La chica más joven se rió tontamente y levantó los brazos por encima de la cabeza, al mismo tiempo que le decía alguna cosa a la amiga. Harod las miró a través del vapor. Sus ojos negros eran agujeros bajo los pesados párpados.

La chica de más edad parpadeó varias veces y dejó la toalla. Sus pechos eran firmes y pesados. La más joven pareció sorprenderse, con los brazos aún por encima de la cabeza. Harod vio el vello suave bajo sus brazos y se preguntó por qué las chicas alemanas no se depilaban. La más joven comenzó a decir algo y empezó a desanudar su toalla. Sus dedos hurgaban como si estuvieran dormidos o no estuvieran acostumbrados a hacerlo. La toalla cayó en el momento en que la chica mayor levantaba las manos hacia los pechos de su hermana.

«Hermanas», pensó Harod mientras entrecerraba los ojos para saborear las sensaciones físicas. «Kirsten y Gabi.» Con dos no era fácil. Tenía que cambiar de una a otra constantemente, sin permitir nunca que una se escabullese mientras se ocupaba de la otra. Era como jugar al tenis contra sí mismo, un juego que no desearías prolongar durante mucho tiempo. Pero no era necesario que fuera un juego largo. Harod cerró los ojos y sonrió.

Cuando Harod volvió, María Chen estaba de pie ante la ventana, mirando a un pequeño grupo de cantores de villancicos situados alrededor del trineo de caballos. Se volvió en el momento en que una carcajada y un fragmento de Oh, Tannenbaum llenaban el aire frío.

—¿Dónde está? —preguntó Harod. Llevaba un pijama de seda y una bata dorada. Tenía el pelo húmedo.

María Chen abrió la maleta y sacó la automática del calibre 45. La puso sobre la mesilla de café.

Harod levantó el arma, la disparó una vez y asintió.

—Ya suponía que no te molestarían en la aduana. ¿Dónde está el cargador?

María cogió tres cargadores de metal de la maleta y los puso sobre la mesa.
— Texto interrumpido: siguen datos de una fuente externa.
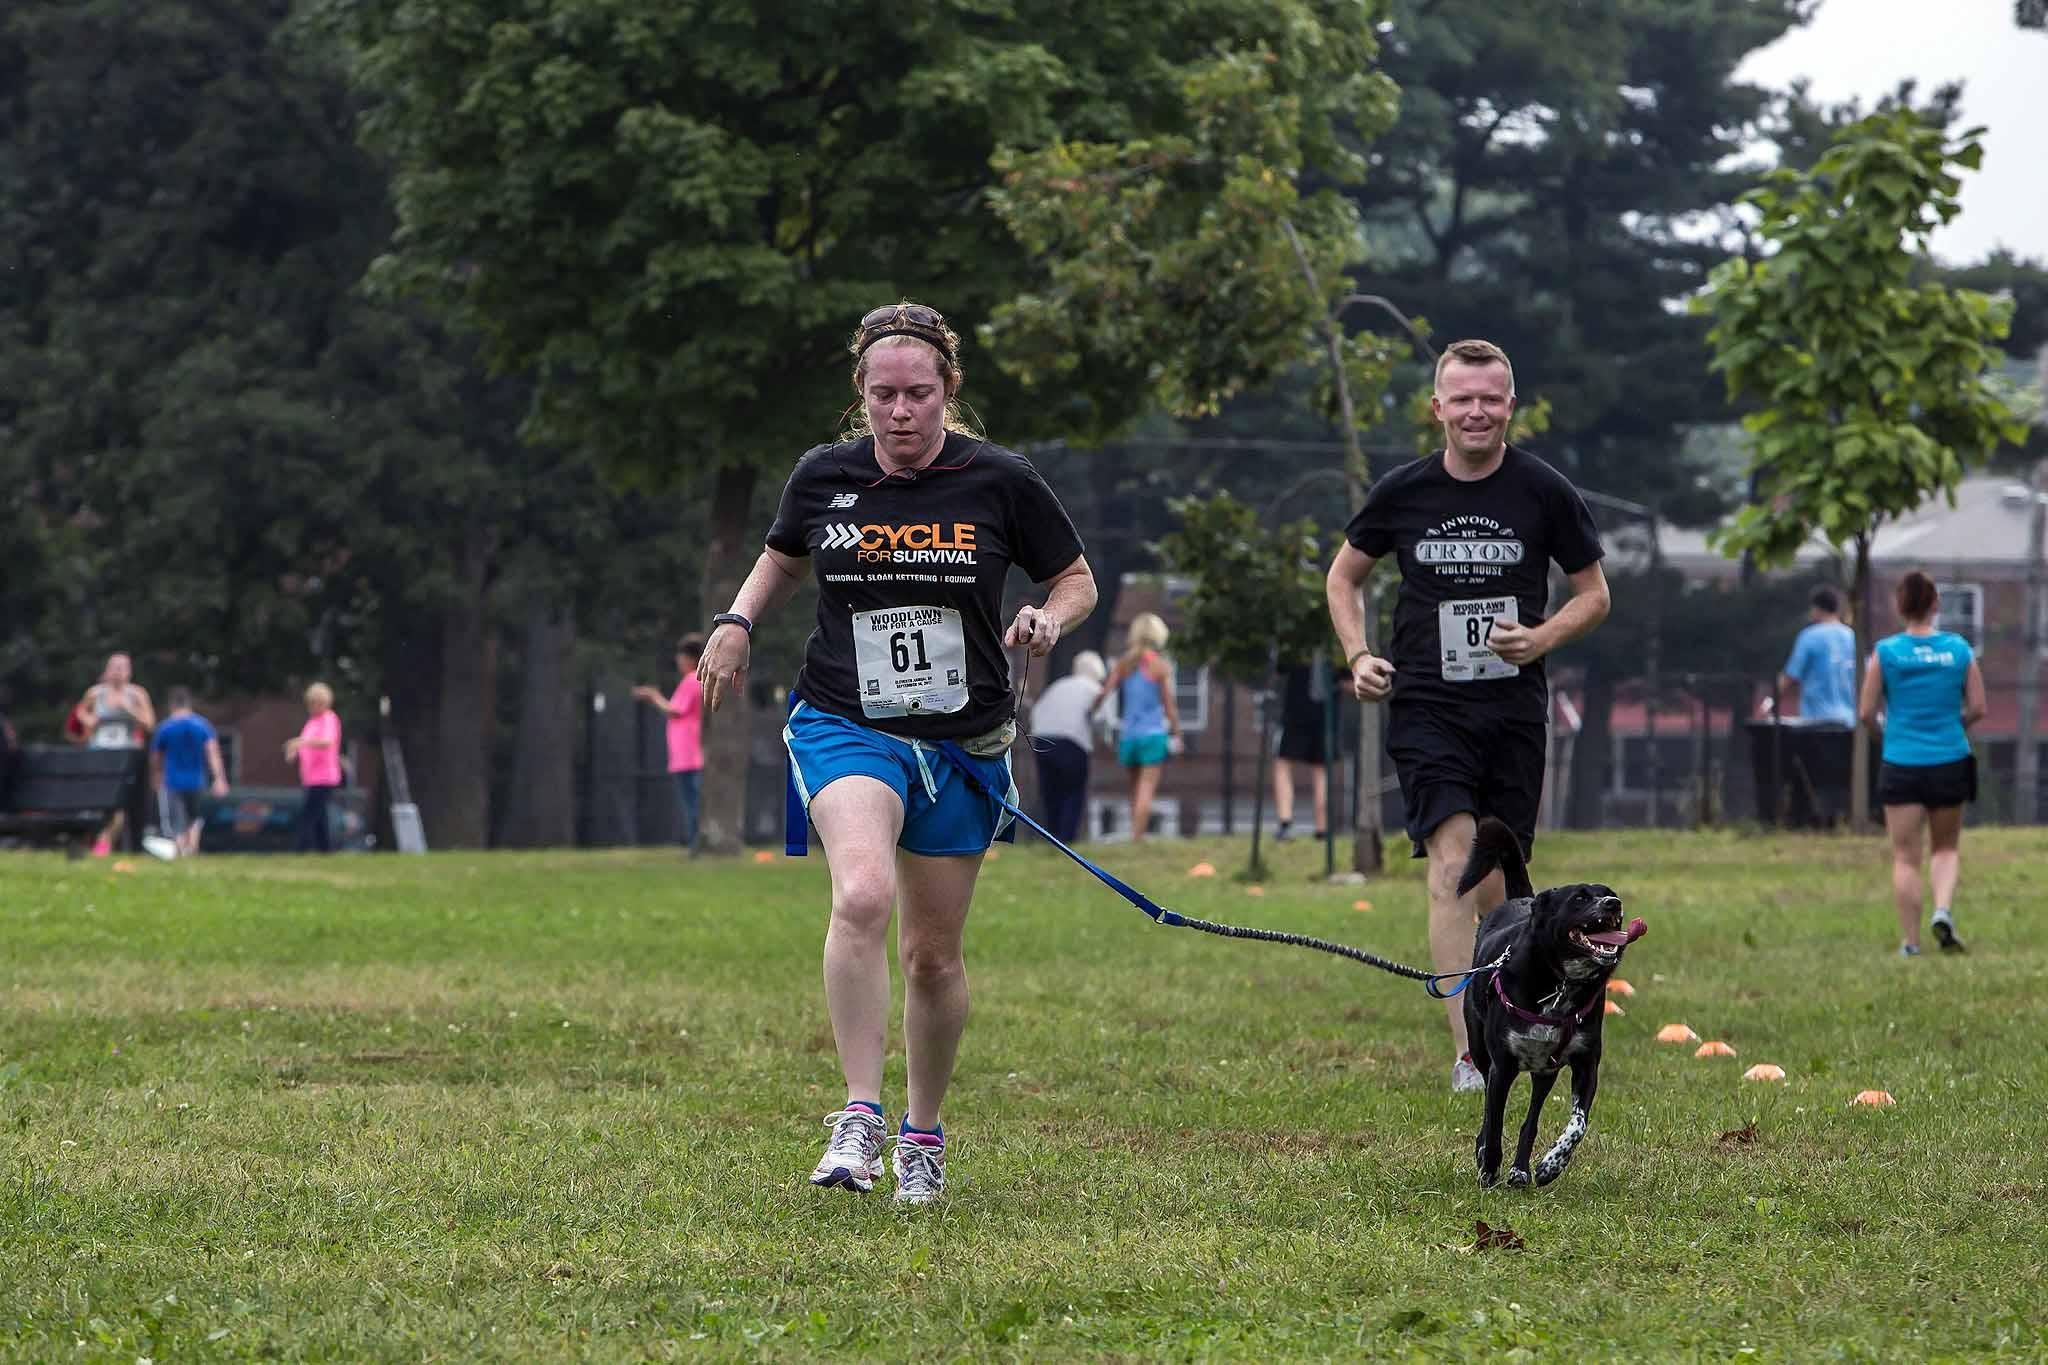 156-Woodlawn Run for a Cause-400.jpg

Harod empujó el arma sin carga sobre la superficie de vidrio hasta que quedó cerca de su mano.

—¡Oh! —dijo él—, echemos una ojeada a este jodido lugar. —Extendió el mapa topográfico verde y blanco sobre la mesa, usando la automática para aguantar una punta y los cargadores para las otras esquinas. Su corto índice señaló una serie de puntos a ambos lados de una línea roja—. Bayerisch-Eisenstein —dijo—. Nosotros. —El dedo se trasladó dos centímetros al noroeste—. La casa de Willi está aquí, detrás de esta colina.

—El Grössen-Arber —indicó María Chen.

—Lo que sea. Aquí mismo en medio del bosque.
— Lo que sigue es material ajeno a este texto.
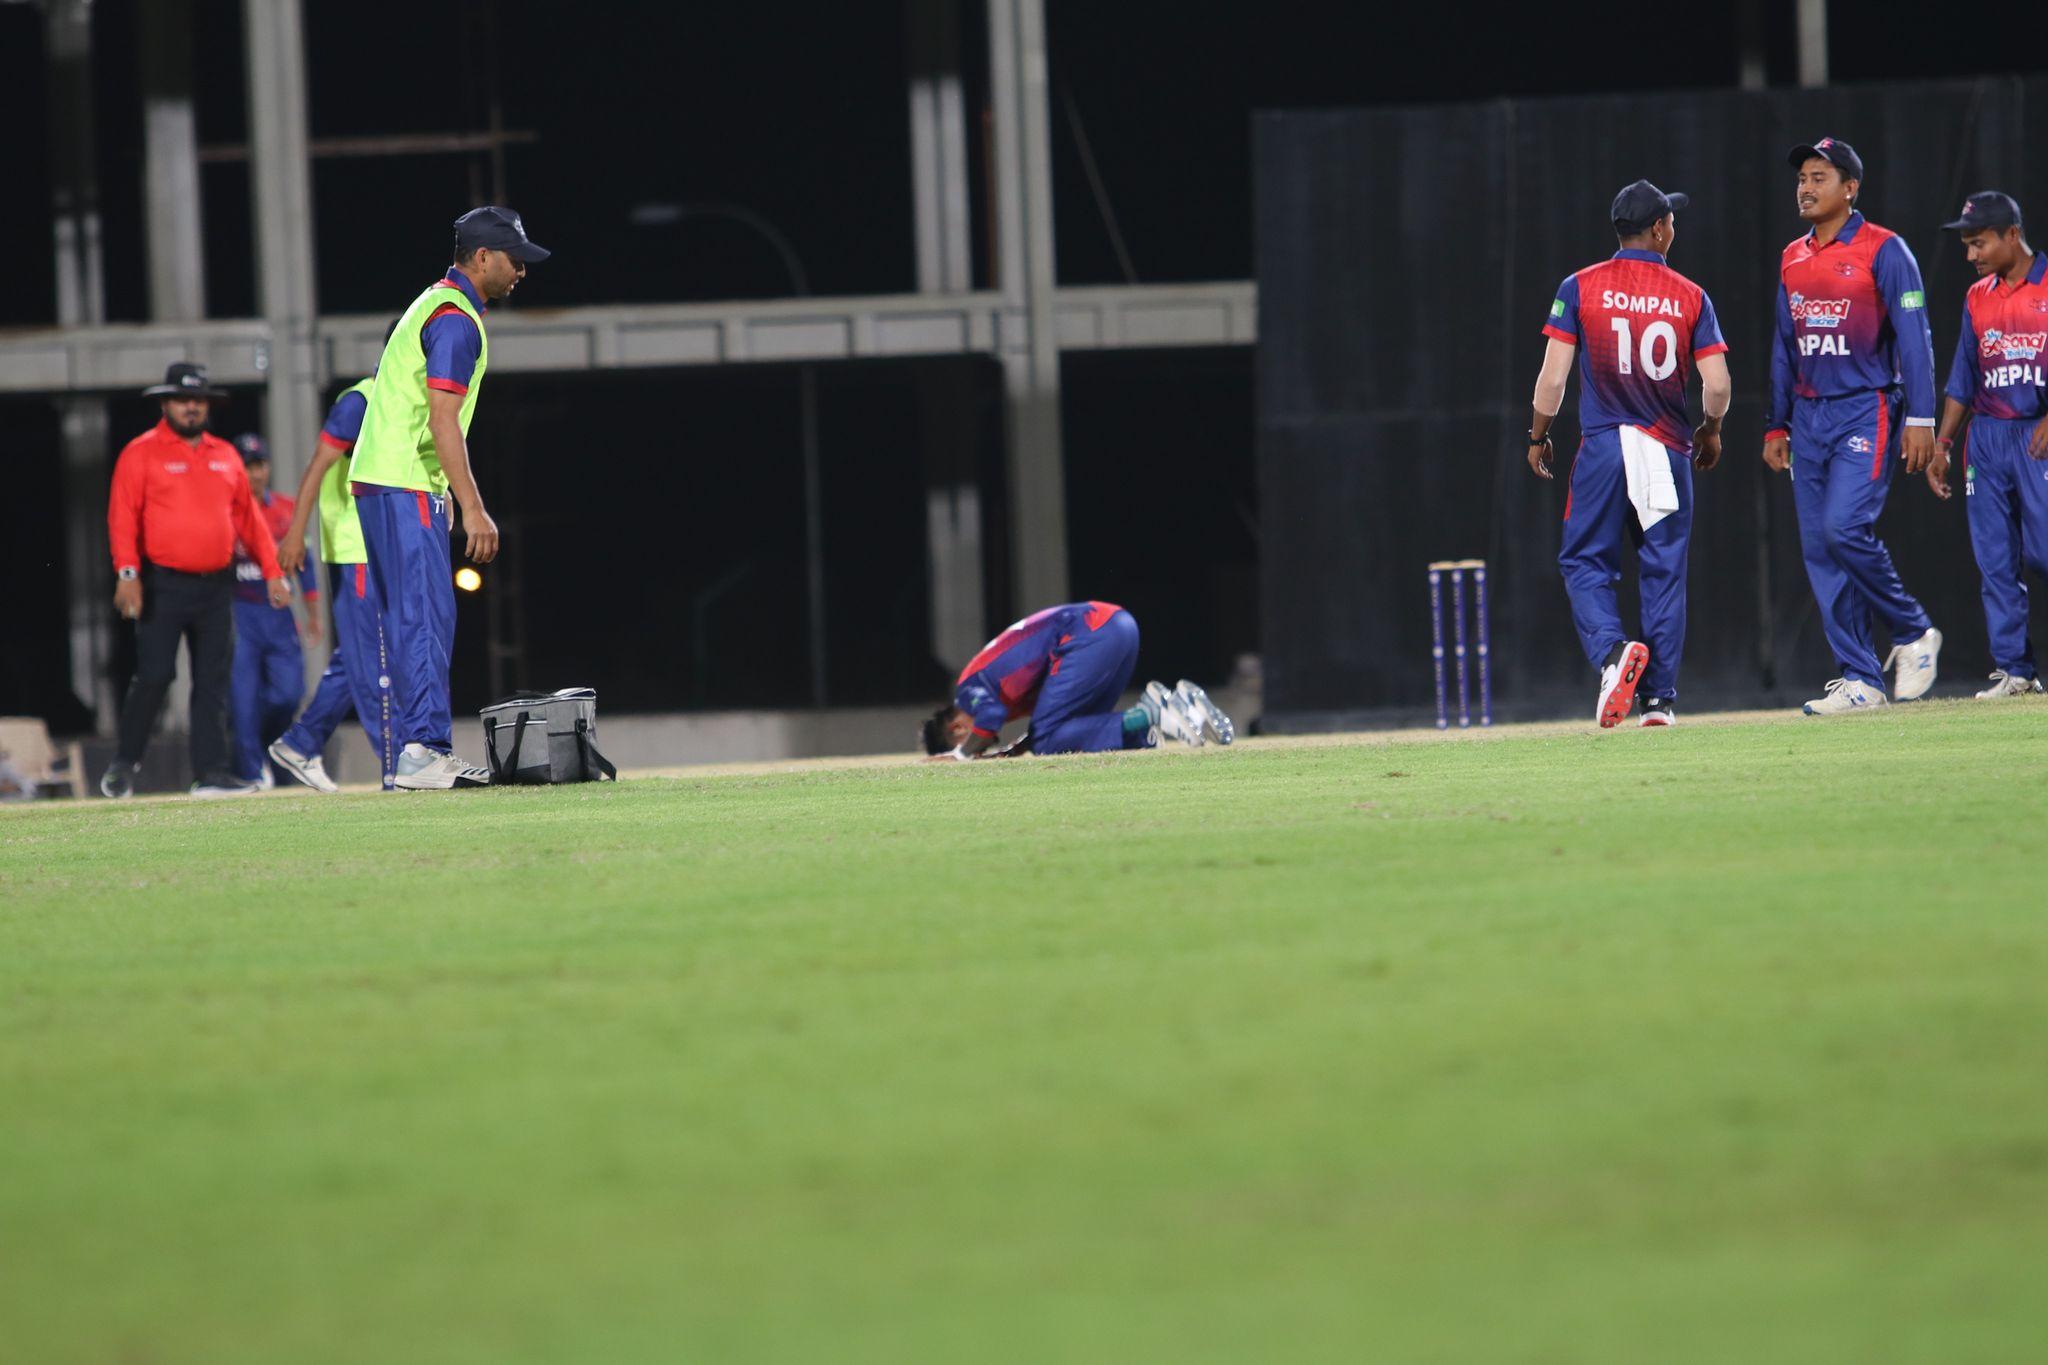 सन्दिप लामिछाने 'द हन्ड्रेड' क्रिकेट खेल्न आज राती बेलायत जाँदै

—El Bayerischer Wald —dijo María Chen.

Harod la miró un minuto y después volvió a fijar su atención en el mapa.

—Forma parte de una especie de parque nacional…, pero aún es propiedad privada. Totalmente absurdo.

—En los parques nacionales americanos hay propiedades privadas —dijo María Chen—. Por otro lado, se supone que la finca no está ocupada.

—Sí —admitió Harod. Enrolló el mapa y se fue a su habitación a través de la puerta que les comunicaba directamente. Un minuto después volvió con un vaso de whisky de una botella que había comprado en Heathrow en la free duty shop—. Entonces —dijo—, ¿comprendes qué haremos mañana?

—Sí —respondió María Chen.

—Si no está allí, no hay problema —dijo Harod—. Si está y está solo y quiere hablar, no hay problema.

—¿Y si hay problema?

Harod se sentó, dejó el whisky sobre la mesa y colocó el cargador en la pistola. Se la acercó a María Chen y esperó a que ella la cogiera.

—En ese caso, le matas —dijo Harod—. Le matas a él y a quien esté con él. Le disparas en la cabeza. Dos veces, si tienes tiempo. —Fue hasta la puerta y vaciló—. ¿Otras preguntas?

—No —dijo María Chen.

Harod volvió a su habitación y cerró la puerta. María Chen oyó el ruido del cerrojo. Permaneció sentada durante un rato, con la automática en la mano, escuchando los sonidos ocasionales del Gemütlichkeit de fiesta que venía de la calle, y contemplando la pequeña faja de luz amarilla bajo la puerta de Tony Harod.